> _TRY IT_: Transcribe the listing verbatim, please, with images dropped.

> _COLLECTED MATERIAL_:
● ● ● ● ● ● ●

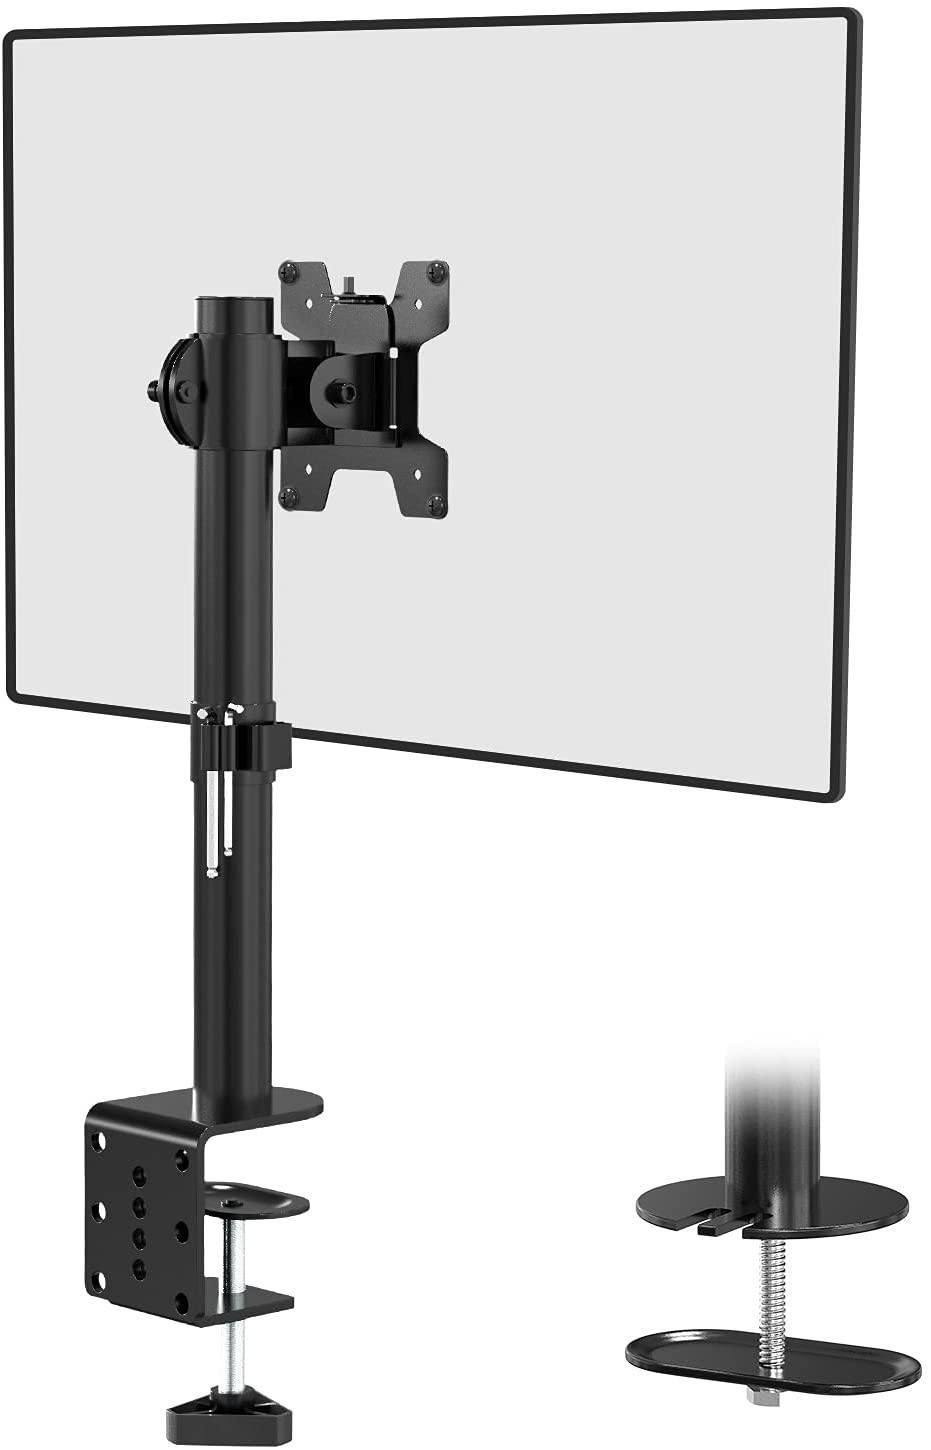 NÖRDIC Monitorarm Table Bracket for 1 Monitor 13-32 med Justerbar høyde Rotatbar og vippbar, Stål, Svart, Skjermbrakett VESA 75 og 100
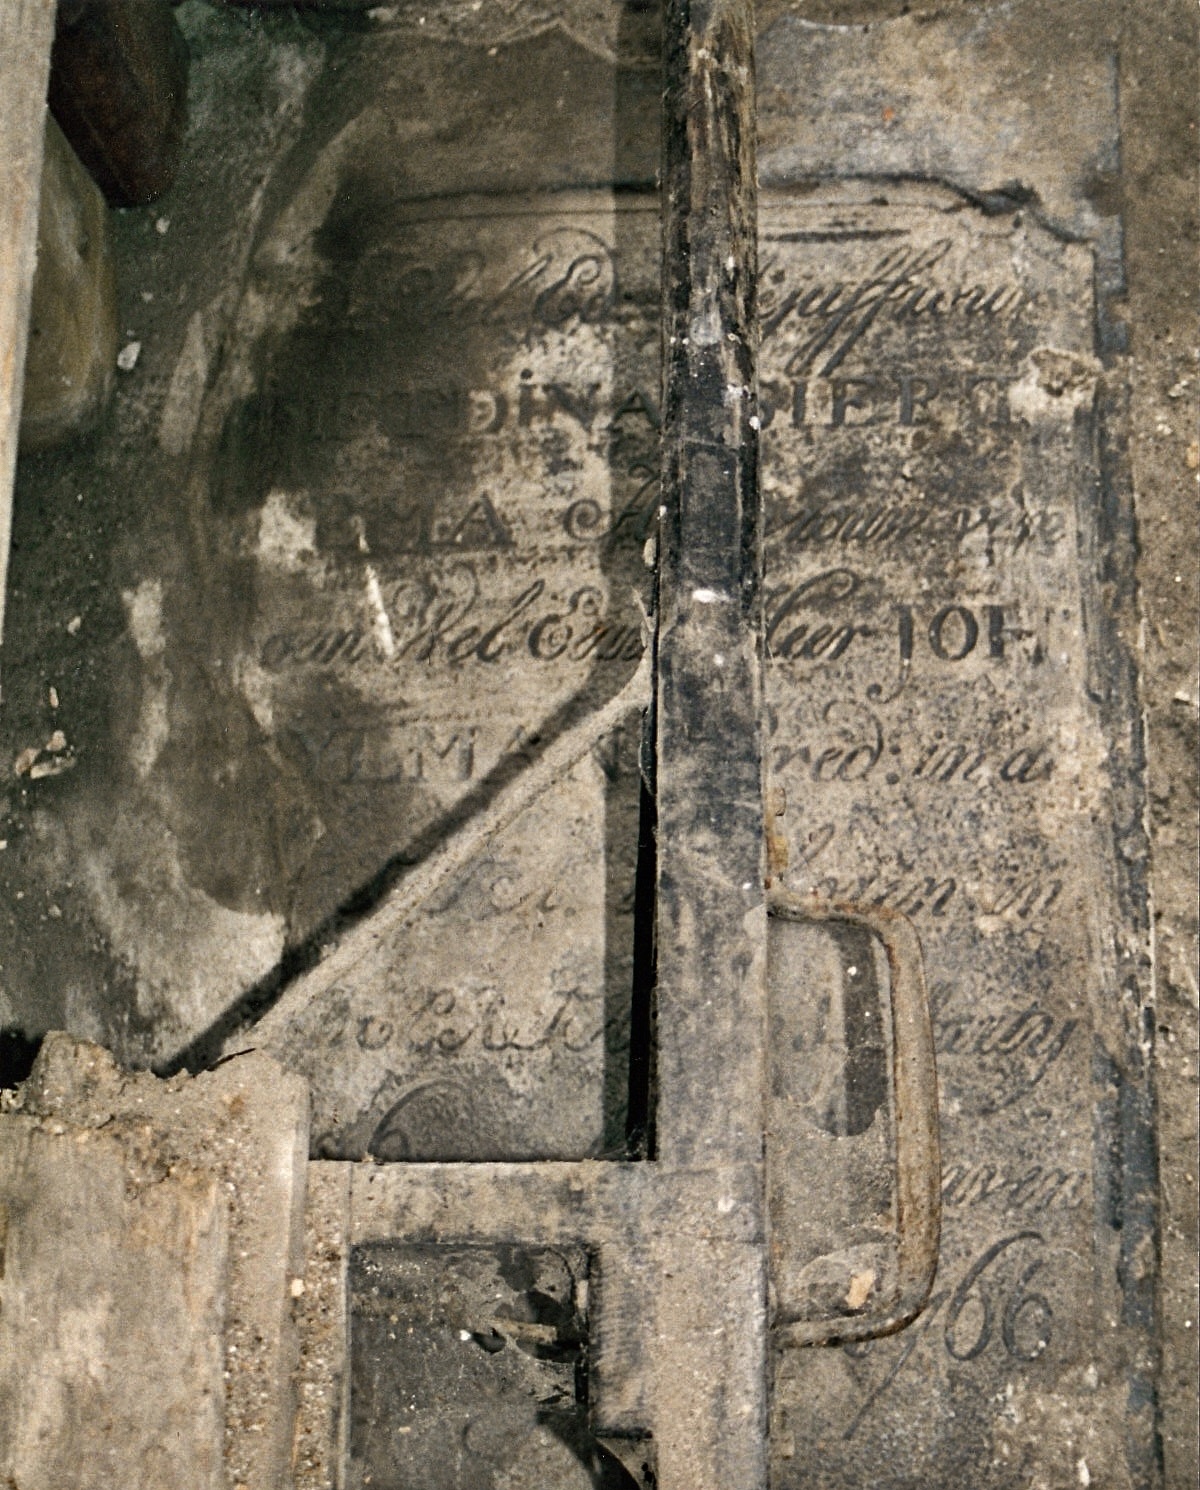 In 1997 worden de tegels en een deel van het zand tijdelijk verwijderd en worden twee graven zichtbaar. 

Het graf van Metdina valt niet goed te fotograferen omdat er een balkconstructie boven hangt. Tekst op de zerk: WELED. MEJUFFROUW METDINA SIERTSEMA, HUISVROUW VAN DE WELEERW. HEER JOH. SYLMAN, PRED. IN DE EEXTA, IS GEBOREN IN BEERTA DEN 11 MARTY 1726, ALHIER GESTORVEN DEN 18 SEPTEMBR 1766. N.B. Fundament van lijkenhuisje. Mededeling. GDW, blz. 246, nr. [1130A]. Foto: ©Geert-Jan Siertsema; fotobewerking: Jur Kuipers.

● ● ● ● ● ● ●

> _RESULT_:
 NÖRDIC Monitorarm Table Bracket for 1 Monitor 13-32 med Justerbar høyde Rotatbar og vippbar, Stål, Svart, Skjermbrakett VESA 75 og 100
 In 1997 worden de tegels en een deel van het zand tijdelijk verwijderd en worden twee graven zichtbaar. 

Het graf van Metdina valt niet goed te fotograferen omdat er een balkconstructie boven hangt. Tekst op de zerk: WELED. MEJUFFROUW METDINA SIERTSEMA, HUISVROUW VAN DE WELEERW. HEER JOH. SYLMAN, PRED. IN DE EEXTA, IS GEBOREN IN BEERTA DEN 11 MARTY 1726, ALHIER GESTORVEN DEN 18 SEPTEMBR 1766. N.B. Fundament van lijkenhuisje. Mededeling. GDW, blz. 246, nr. [1130A]. Foto: ©Geert-Jan Siertsema; fotobewerking: Jur Kuipers.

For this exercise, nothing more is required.